▶ WHAT THE TASK REQUIRES:
Find the line with "Jersey de fútbol" in the entries below, then reproduce it and every line after it down to and including the line with "Autistic Pride Picnic in the Park", exactly.

▶ AVAILABLE RECORDS:
-- -- --
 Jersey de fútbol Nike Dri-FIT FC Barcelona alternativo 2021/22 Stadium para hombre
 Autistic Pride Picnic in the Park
-- -- --
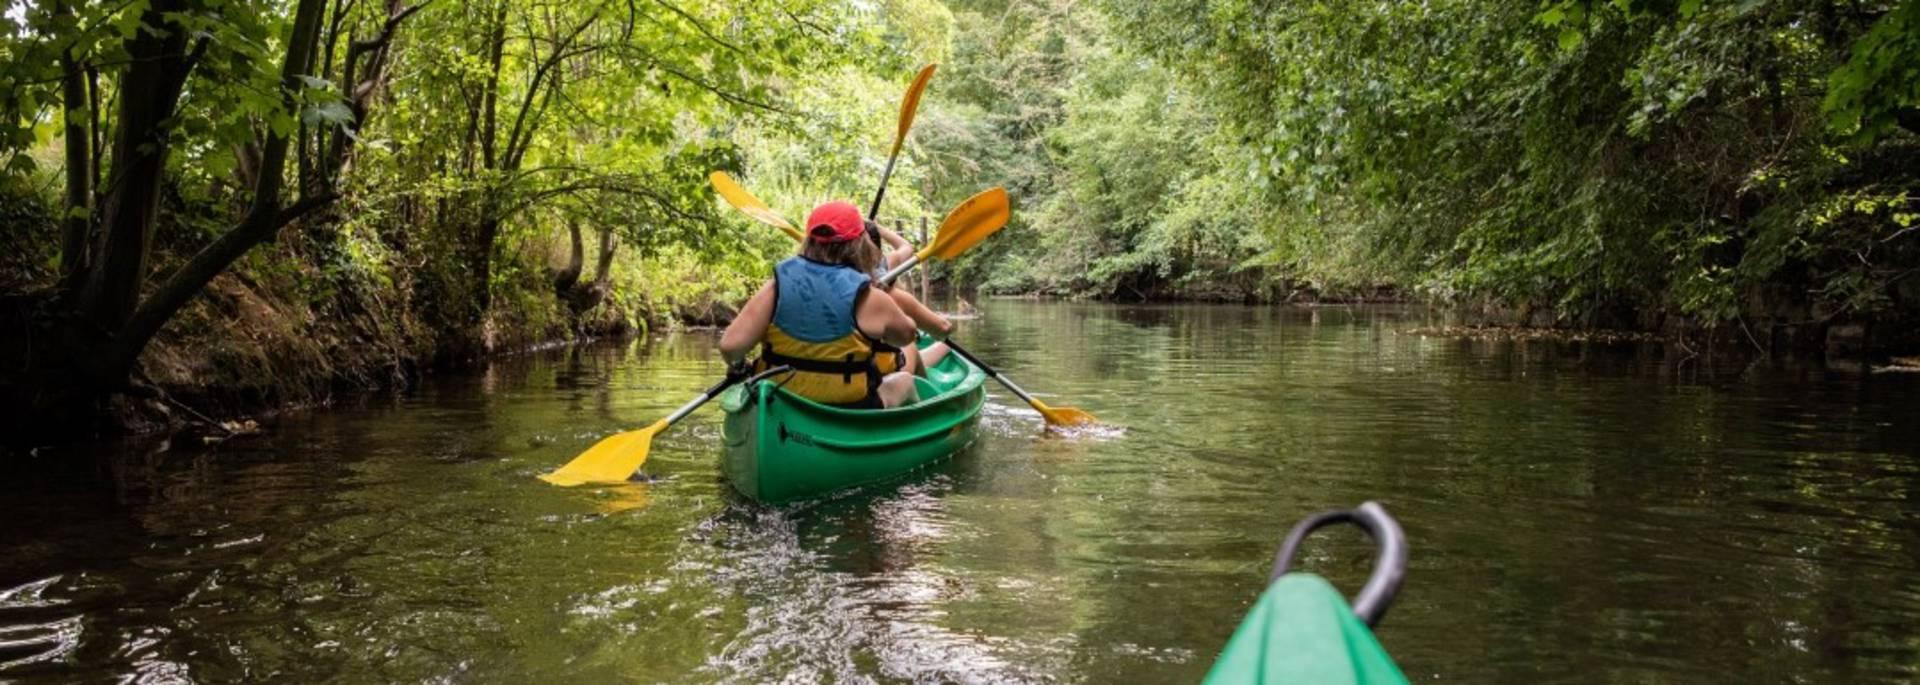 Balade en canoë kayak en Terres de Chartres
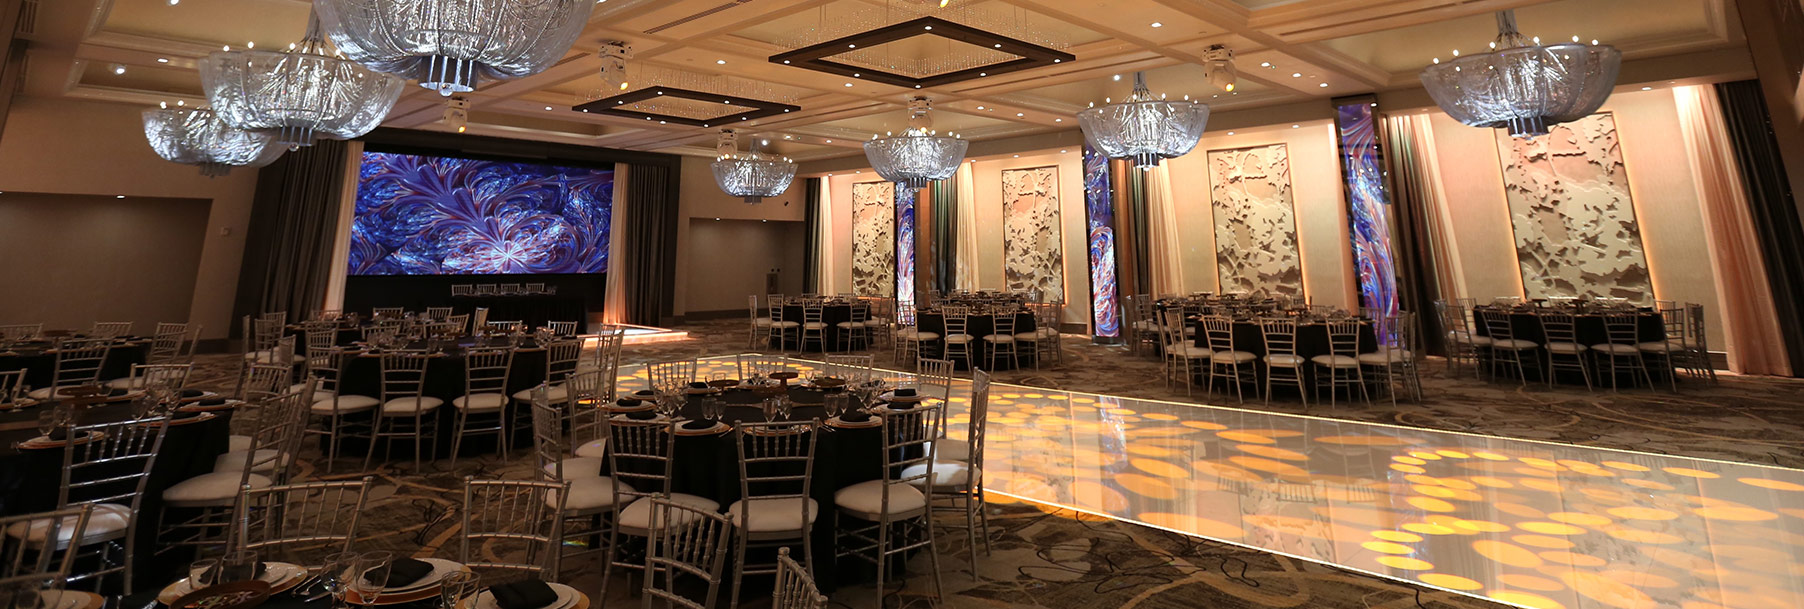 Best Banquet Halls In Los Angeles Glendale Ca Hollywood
-- -- --
▶ ANSWER BELOW:
 Jersey de fútbol Nike Dri-FIT FC Barcelona alternativo 2021/22 Stadium para hombre
 Autistic Pride Picnic in the Park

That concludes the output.